OCRfixr fixes misreads by checking 1) possible spell corrections against the 2) local context of the word. For example, here's how OCRfixr would evaluate the following OCR mistake:

As written in book:

"Days there were when small trade came to the stoie. Then the young clerk read."

Method	Plausible Replacements
Spellcheck (symspellpy)	stone, store, stoke, stove, stowe, stole, soie
Context (BERT)	market, shop, town, city, store, table, village, door, light, markets, surface, place, window, docks, area

Since there is match for both a plausible spellcheck replacement and that word reasonably matches the context of the sentence, OCRfixr updates the word.

Corrected text:

"Days there were when small trade came to the store. Then the young clerk read."

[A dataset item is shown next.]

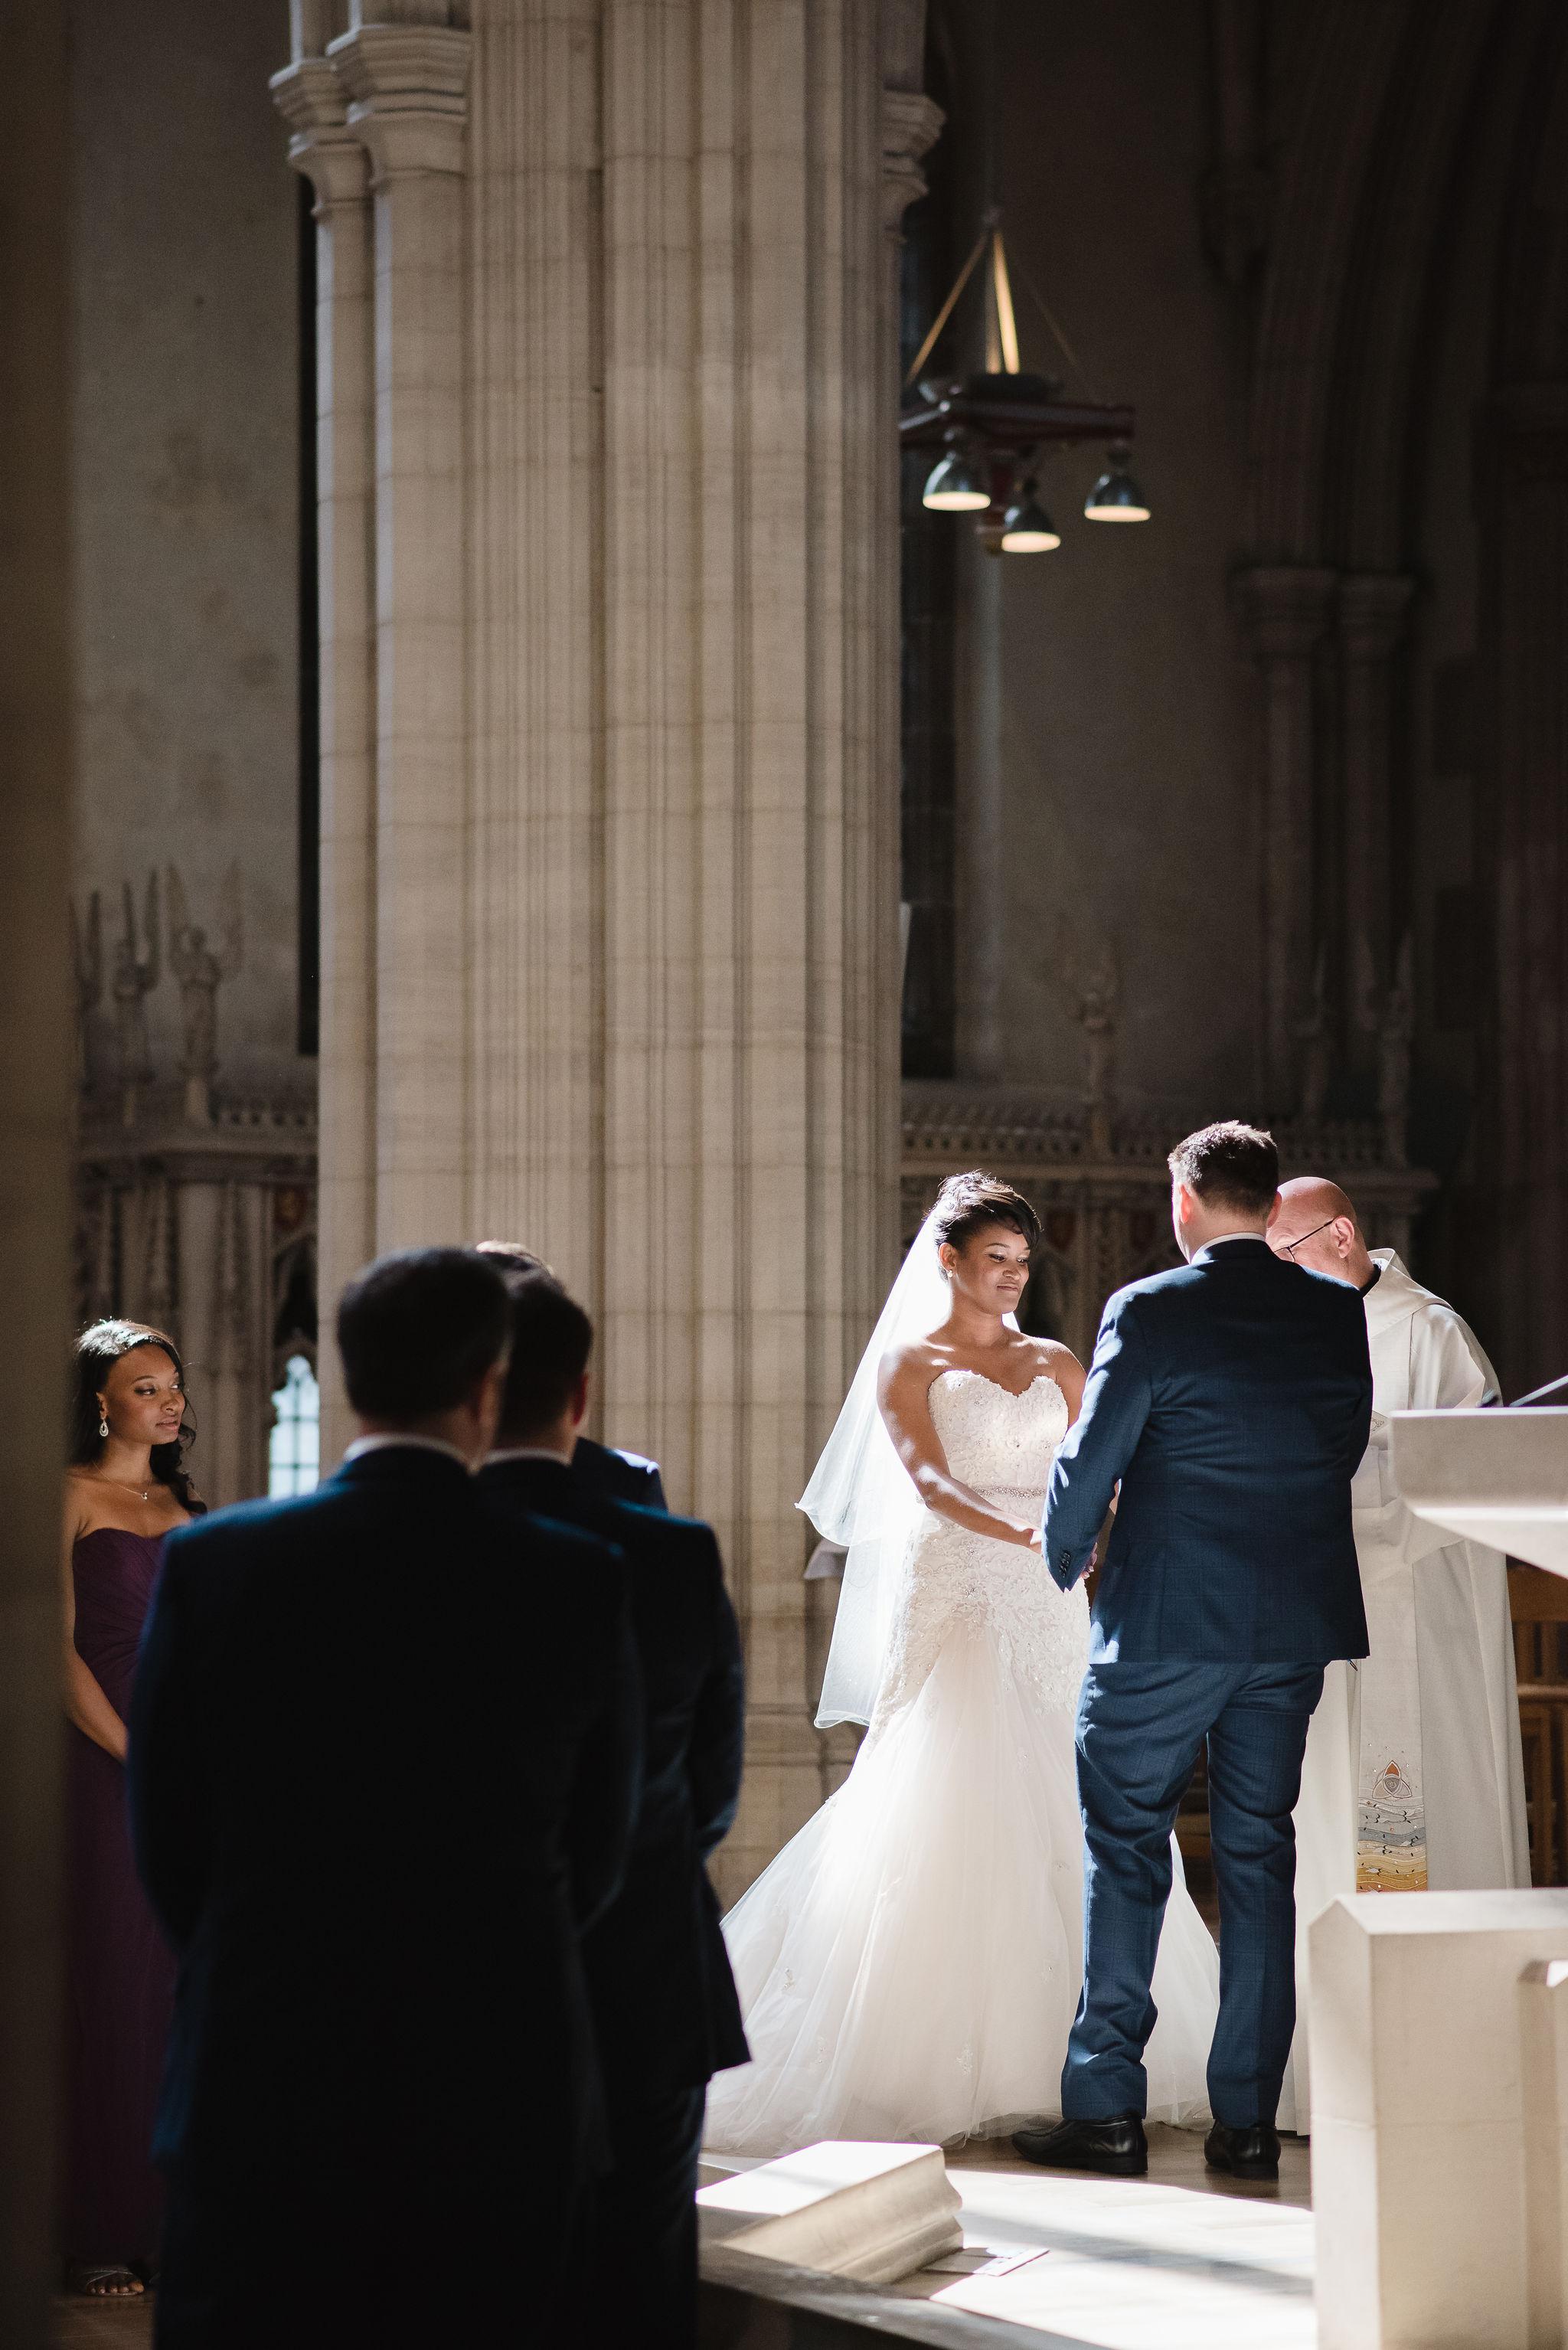 The Anthologist_Drake_and_Morgan_London_Wedding_52.jpg

For very common scanning errors where it is clear what the word should have been (ex: 'onlv' --> 'only'), OCRfixr skips the context check and relies solely on a static mapping of common corrections. This helps to maximize the number of successful edits & decrease compute time. (You can disable this by setting common_scannos to "F").

Using OCRfixr

The package can be installed using pip.

pip install OCRfixr

By default, OCRfixr only returns the original string, with all changes incorporated:

>>> from ocrfixr import spellcheck

>>> text = "The birds flevv south"
>>> spellcheck(text).fix()
'The birds flew south'

Use return_fixes to also include all corrections made to the text, with associated counts for each:

>>> spellcheck(text, return_fixes = "T").fix()
['The birds flew south', {("flevv","flew"):1}]

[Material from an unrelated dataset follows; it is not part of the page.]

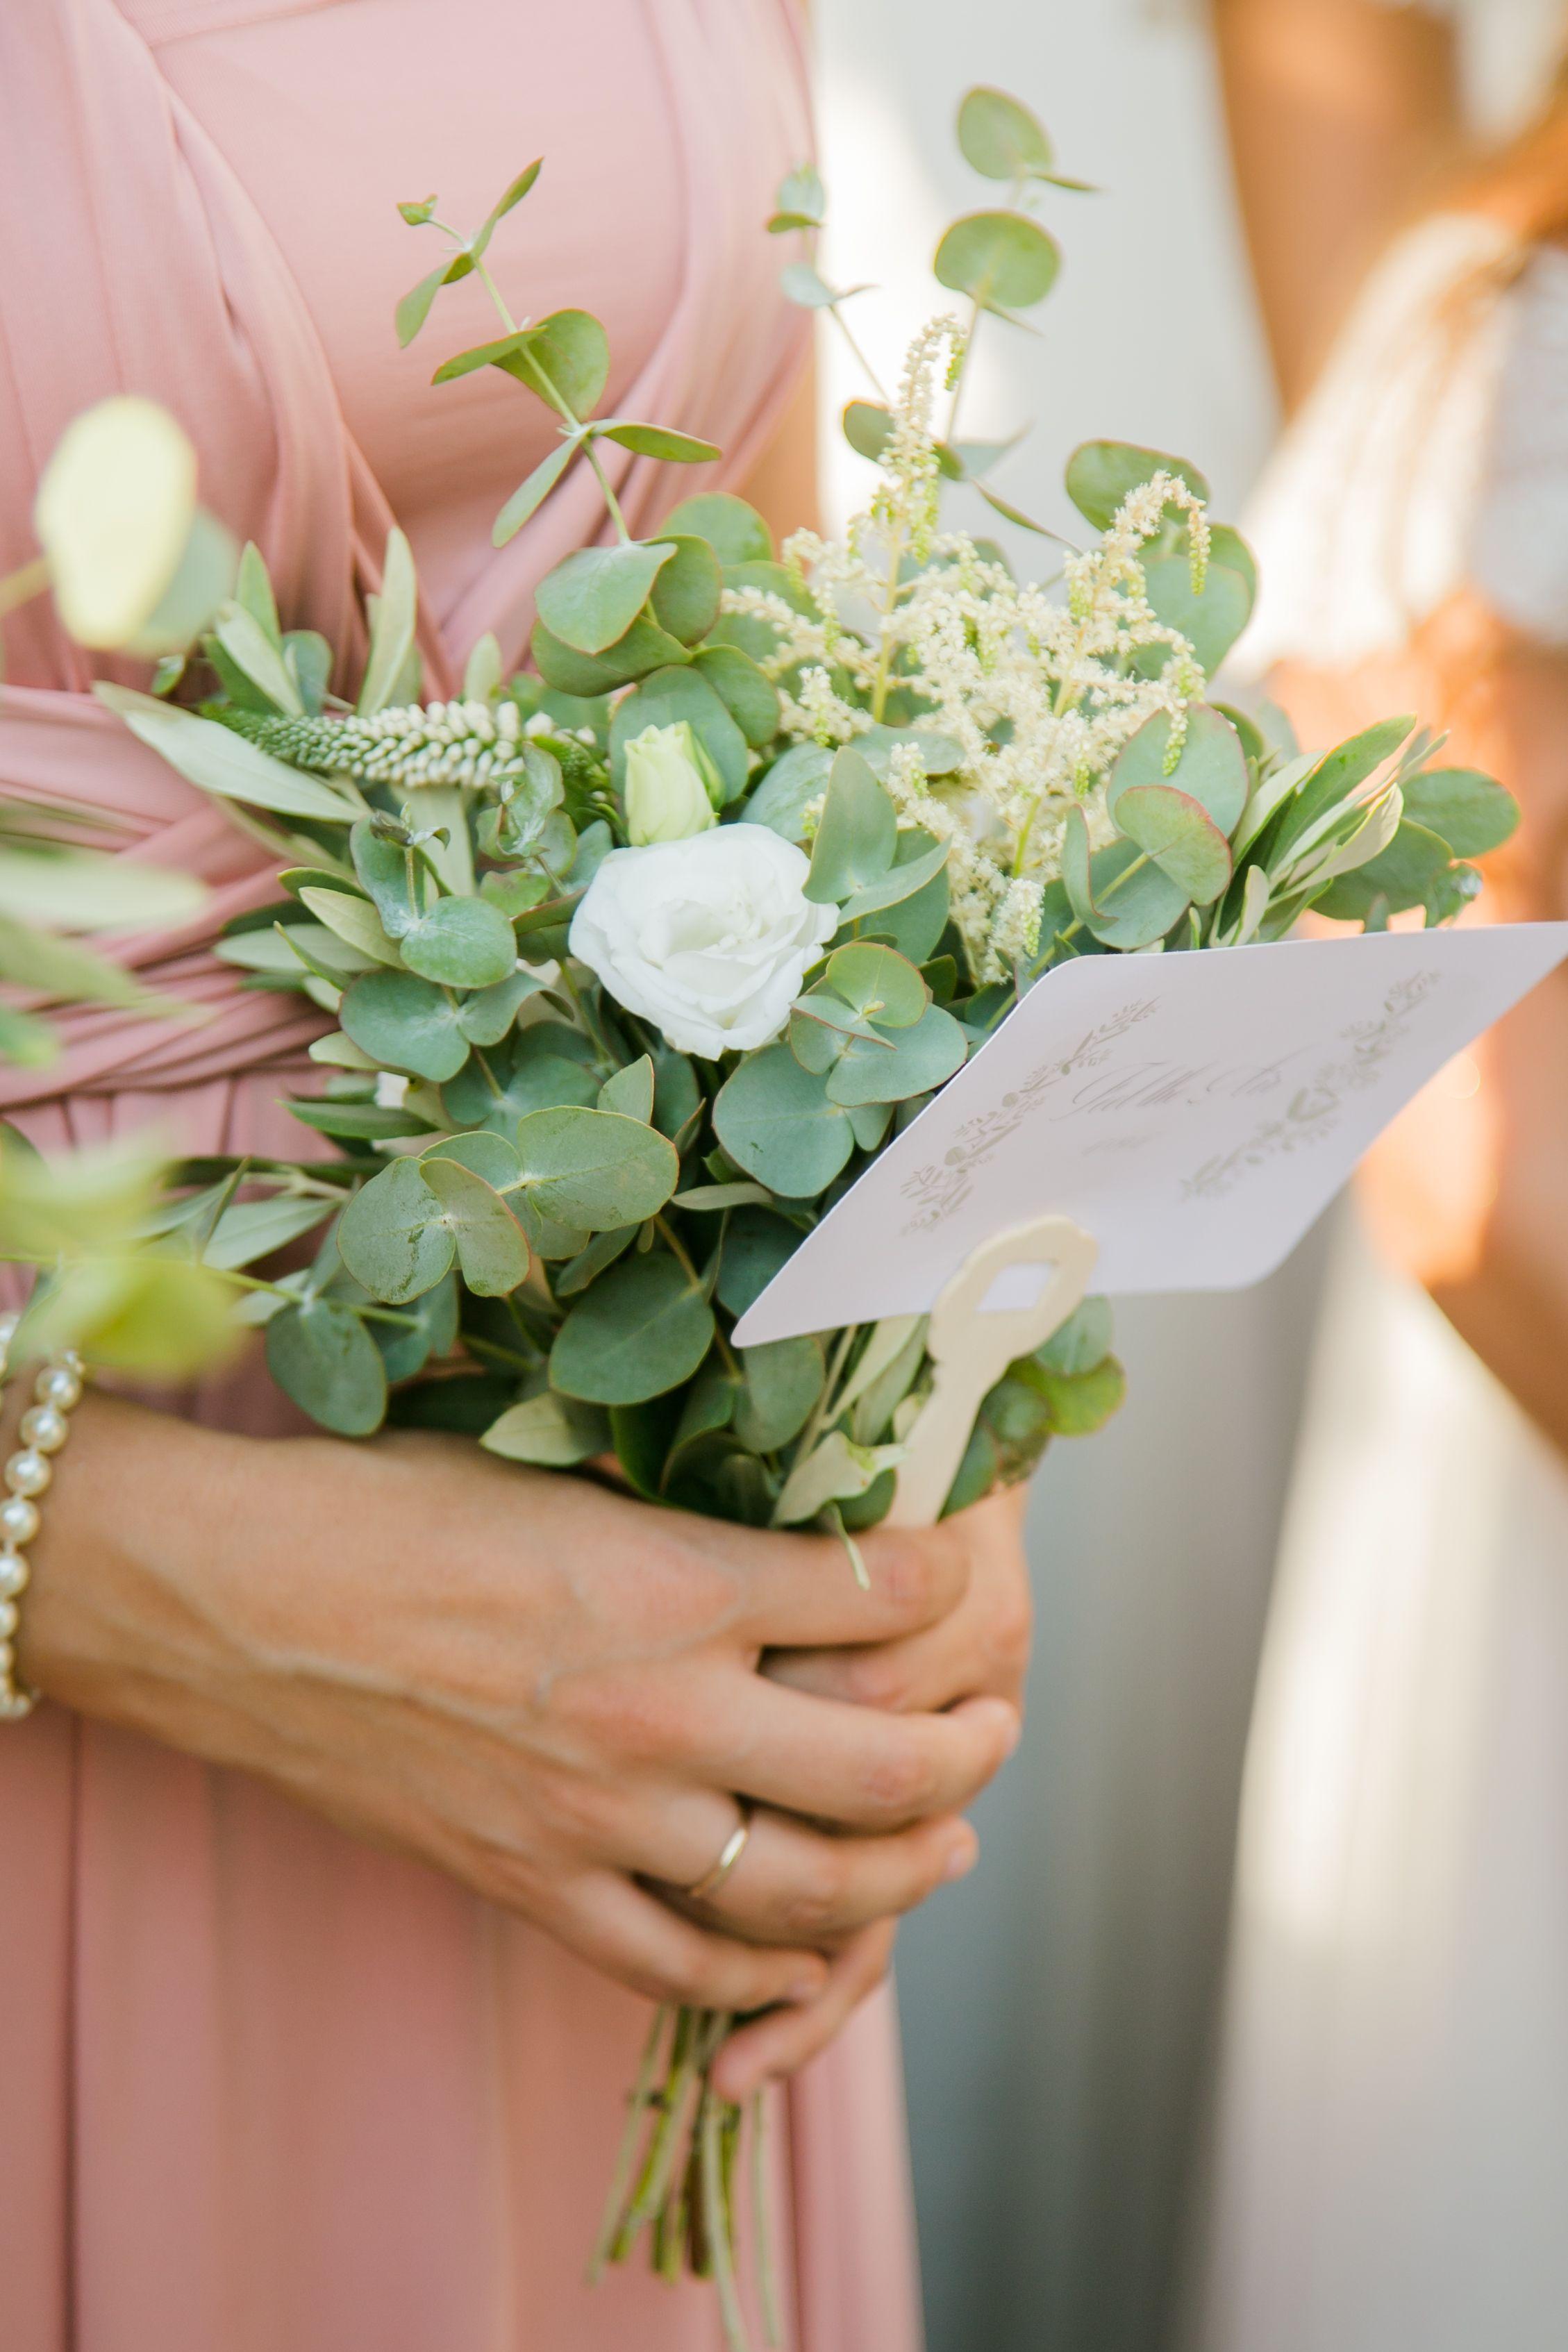 Bridesmaid bouquet flowers greek wedding hand fan summer wedding bridesmaid bouquet flowers greek wedding hand fan summer wedding eucalyptus izmirmasajfo

(Note: OCRfixr resets its BERT context window at the start of each new paragraph, so splitting by paragraph may be a useful debug feature)

Interactive Mode

OCRfixr also has an option for the user to interactively accept/reject suggested changes to the text:

>>> text = "The birds flevv down\n south, but wefe quickly apprehended\n by border patrol agents"
>>> spellcheck(text, interactive = "T").fix()

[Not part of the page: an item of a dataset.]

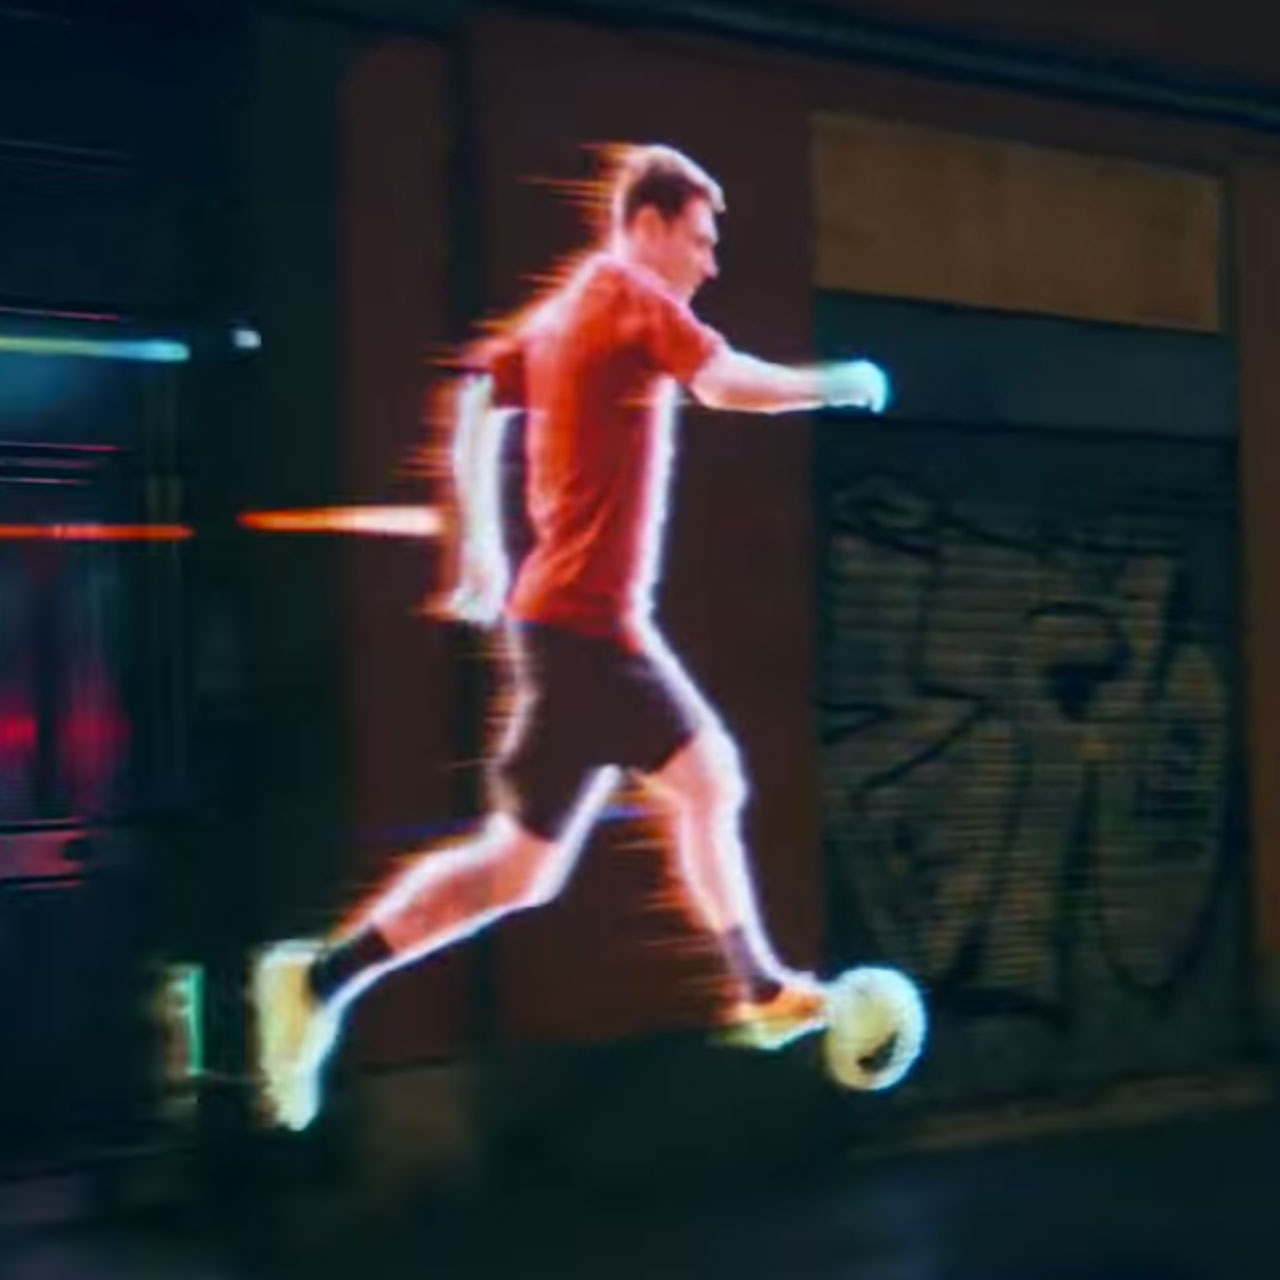 Lionel Messi running in Barcelona in his new Adizero F50 boots

Each suggestion provides the local context around the garbled text, so that the user can determine if the suggestion fits.

>>> ### User accepts change to "flevv", but rejects change to "wefe" in GUI
'The birds flew down\n south, but wefe quickly apprehended\n by border patrol agents'

This returns the text with all accepted changes reflected. All rejected suggestions are left as-is in the text.

Command-Line

OCRfixr is also callable via command-line (intended for Guiguts use):

>>> ocrfixr input_text.txt output_filename.txt

The output file will list the line number and position of all suggested changes.

Avoiding "Damn You, Autocorrect!"

By design, OCRfixr is change-averse:

If spellcheck/context do not line up, no update is made.
Likewise, if there is >1 word that lines up for spellcheck/context, no update is made.
Only the top 15 context suggestions are considered, to limit low-probability matches.
If the suggestion is a homophone of the original word, it is ignored (original: coupla --> suggestion: couple). These are assumed to be 'stylistic' or phonetic misspellings
Proper nouns (anything starting with a capital letter) are not evaluated for spelling.

Word context is drawn from all sentences in the current paragraph (designated by a '\n'), to maximize available information, while also not bogging down the BERT model.

Credits

symspellpy powers spellcheck suggestions
transformers does the heavy lifting for BERT context modelling
DataMunging provided a very useful list of common scanning errors
SCOWL word list is Copyright 2000-2019 by Kevin Atkinson.
This project was created to help Distributed Proofreaders. Support them here: https://www.pgdp.net/c/

Project details

These details have not been verified by PyPI

Project links

Homepage

Release history Release notifications | RSS feed

This version

1.5.1

Feb 3, 2023

1.5

Aug 25, 2021

1.4.2.5

Jun 5, 2021

1.4.2.4

Jun 3, 2021

1.4.2.3

May 26, 2021

1.4.2.2

May 17, 2021

1.4.2.1

May 17, 2021

1.4.2

May 11, 2021

1.4.1

May 2, 2021

1.4.0

Apr 28, 2021

1.3.4

Apr 27, 2021

1.3.3

Apr 24, 2021

1.3.2

Mar 28, 2021

1.3.1

Mar 10, 2021

1.3.0

Feb 12, 2021

1.2.0

Feb 7, 2021

1.1.3

Feb 2, 2021

1.1.2

Jan 31, 2021

1.1.1

Jan 22, 2021

1.1.0

Jan 20, 2021

1.0.0

Jan 18, 2021

0.1.0

Jan 2, 2021

0.0.5

Jan 2, 2021

Download files

Download the file for your platform. If you're not sure which to choose, learn more about installing packages.

Source Distribution

OCRfixr-1.5.1.tar.gz (438.4 kB view details)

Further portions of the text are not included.